Saturday, February 4, 2006

Let's talk peak oil and politics...

We're going to break an unwritten rule around here and mention a couple of highly contentious topics, "peak oil" and politics. Why are these topics generally off-limits on this site? Because while these are important topics for cleantech investors to keep in mind, they're covered very well by a lot of more knowledgeable authors elsewhere, and this site has always sought a "big tent" approach to the topic of cleantech investing -- it's a compelling investment area regardless of your political persuasions.

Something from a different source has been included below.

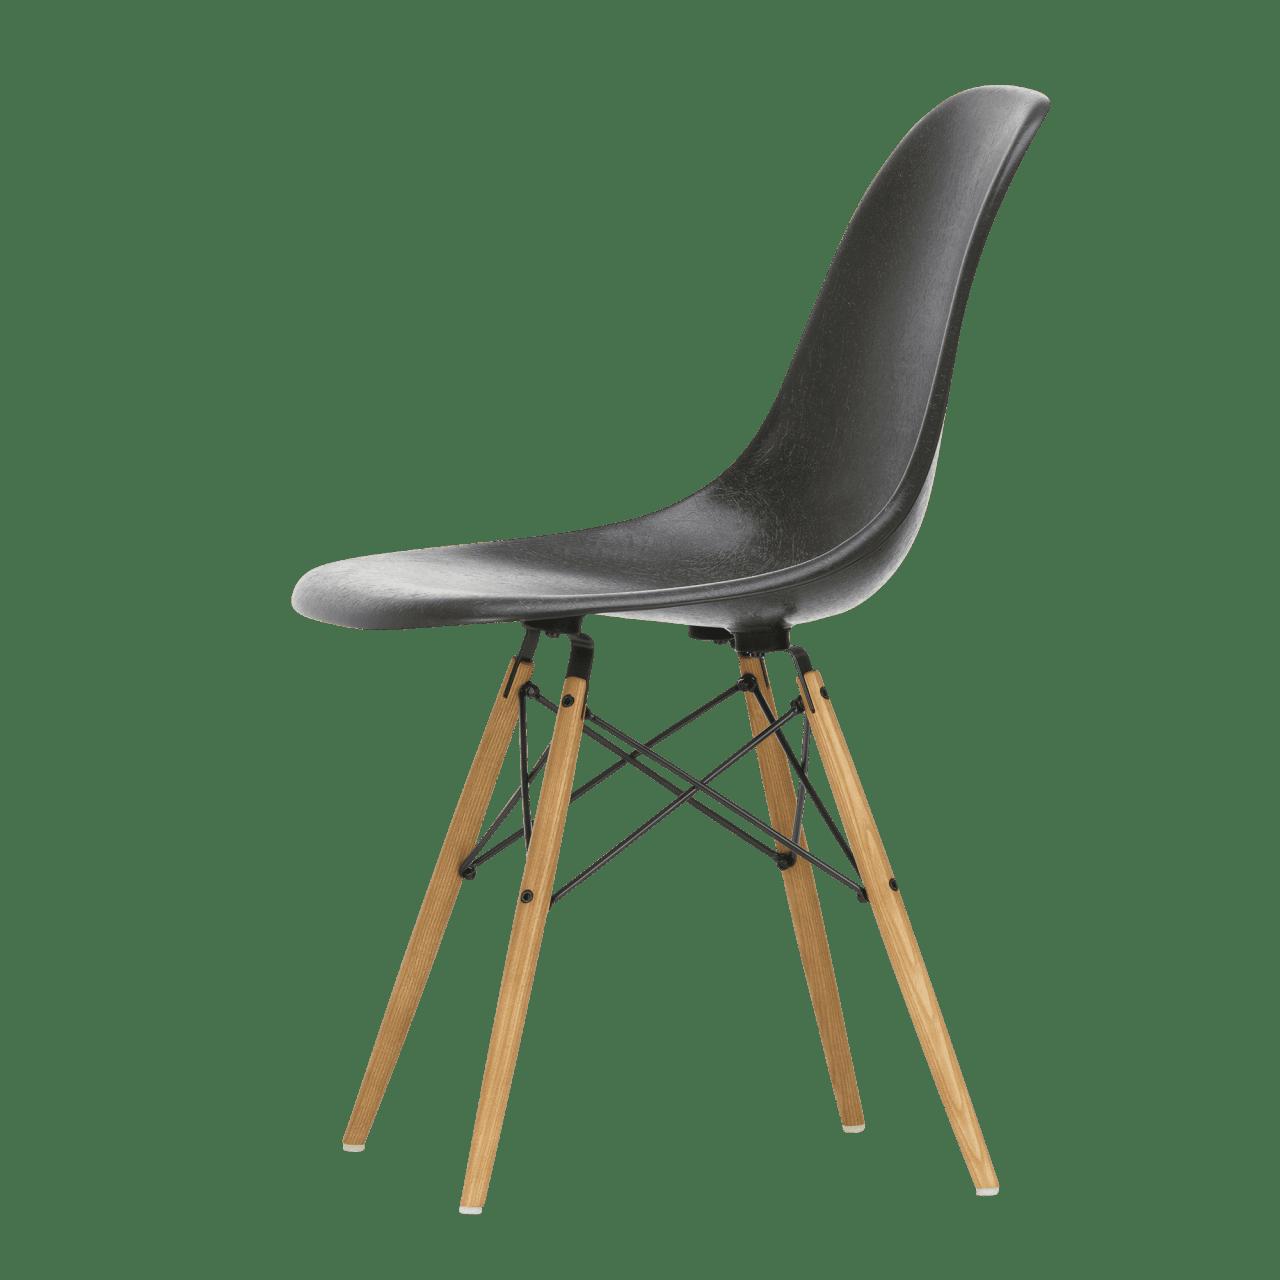 Eames Fiberglass Sidechair DSW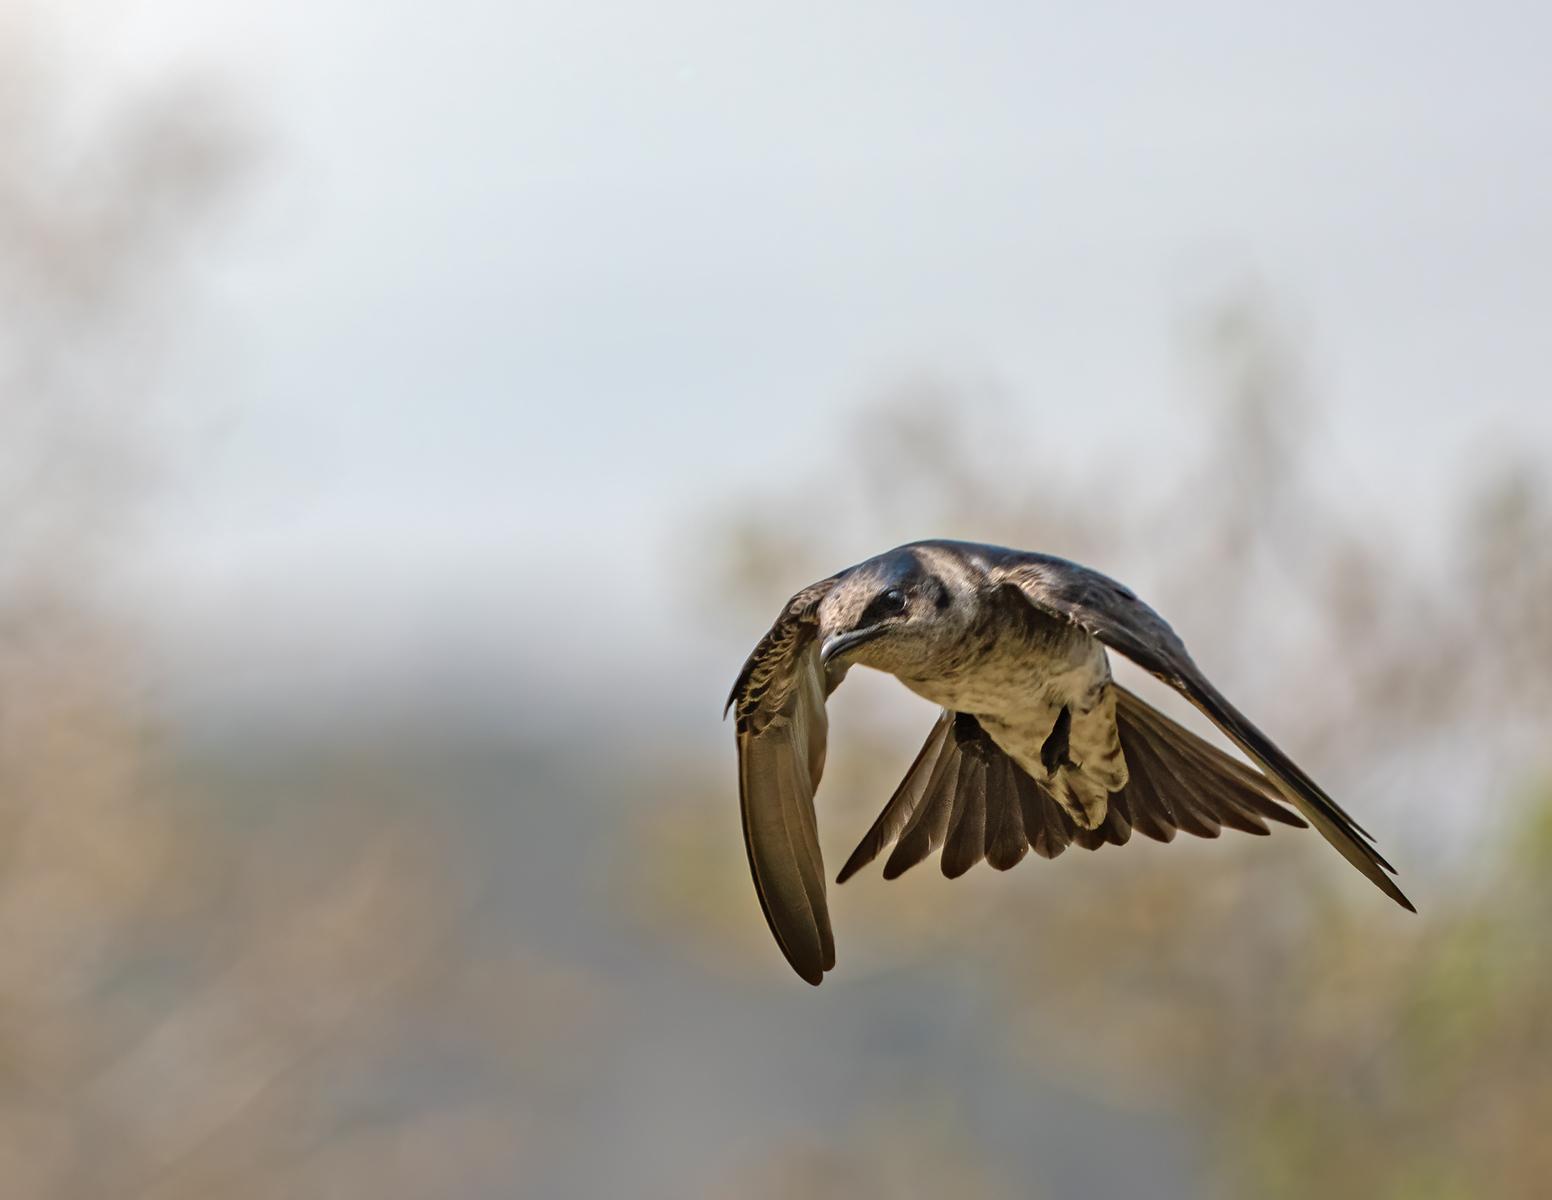 IMAGE: https://photos.smugmug.com/Private/n-XQ9MPw/Birds/Birds/i-Vvcx4km/0/89f82e94/X3/Purple%20martin_R3_4-2021-5-X3.jpg

That having been said, this week saw these issues thrust front and center for cleantech investors, thanks to the State of the Union address ("America is addicted to oil"), the Cleantech Investors Summit (a broader post on the event is coming soon) where "peak oil" was a highlighted topic, and other media coverage that came out this week involving prominent investors. So let's take a look at a few such stories of note this week:
  • The President's now-famous line that America is addicted to oil, and his pledge to "replace 75% of our oil imports from the Middle East by 2025," certainly seems to have gotten a lot of attention (thanks in part to that line having been purposefully leaked earlier in the day, priming the media to grab onto it). At the event this week in Palm Springs, a common refrain was investors joking (?) about making big bets on ethanol now. But let's keep everything in perspective. A 22% increase in Federal spending on energy technologies is helpful, but is not going to make a huge near-term difference for many cleantech markets. And goals to be achieved in 20 years don't often lead to 3-7 year investment window impacts, such as many VCs care about. But on the other hand, it's a very important statement to hear the President make publicly, it is a strong signal of government policy direction going forward. And it will encourage the trend of large companies starting to act, regardless of current government policy, to get ahead of climate change issues. All of the above is why cleantech investor and entrepreneur reaction seems to have been pretty mixed. Readers of this site are invited to provide their own thoughts and comments...
  • The "peak oil" hypothesis has also gotten a lot of attention lately in the cleantech investor community and elsewhere. For those not familiar with the idea, "peak oil" is the theory that global oil production has, or soon will, reach its maximum levels, due to its finite supply (note: this doesn't say oil won't be available, just that it will be higher cost due to limited availability). As the CTO of Chevron, Don Paul, puts it: "Our economy is based around the idea that capital is expensive and energy is cheap. What happens when that gets switched?" The important thing for cleantech investors to take away is that, with some continued pushback, the concept appears to have been broadly accepted now, and the key question is no longer "if" but "when". Are we at peak oil now? Or will it be 20 or 30 years from now? And is it right to focus on peak oil, or should we also be thinking about "peak natural gas" and "peak coal", and what timings should we be considering for those? Even though venture investors tend to think about things in 3-7 year time windows, these are important questions to think about. Those looking for more information should check out the Energy Blog and Peak Oil News, as well as a number of books on the topic, such as Matt Simmons' "Twilight in the Desert". Readers of this site are also invited to discuss this topic, leave your comments below...
Okay, enough on those topics.

Getting back to topics more central to this site, it was interesting to note this Q&A with SunPower's Tom Werner (note the mention that he expects SunPower's silicon-based technology to achieve price parity with fossil fuels within 5-10 years), and given all the attention being paid to energy topics these days, it was also great to see this discussion of clean water technology -- its sometimes easy to forget, given all the hullabaloo, that cleantech investors care about clean water, clean manufacturing, advanced materials, and other investment areas that will be advantaged by emerging natural resource trends, not just energy generation technology.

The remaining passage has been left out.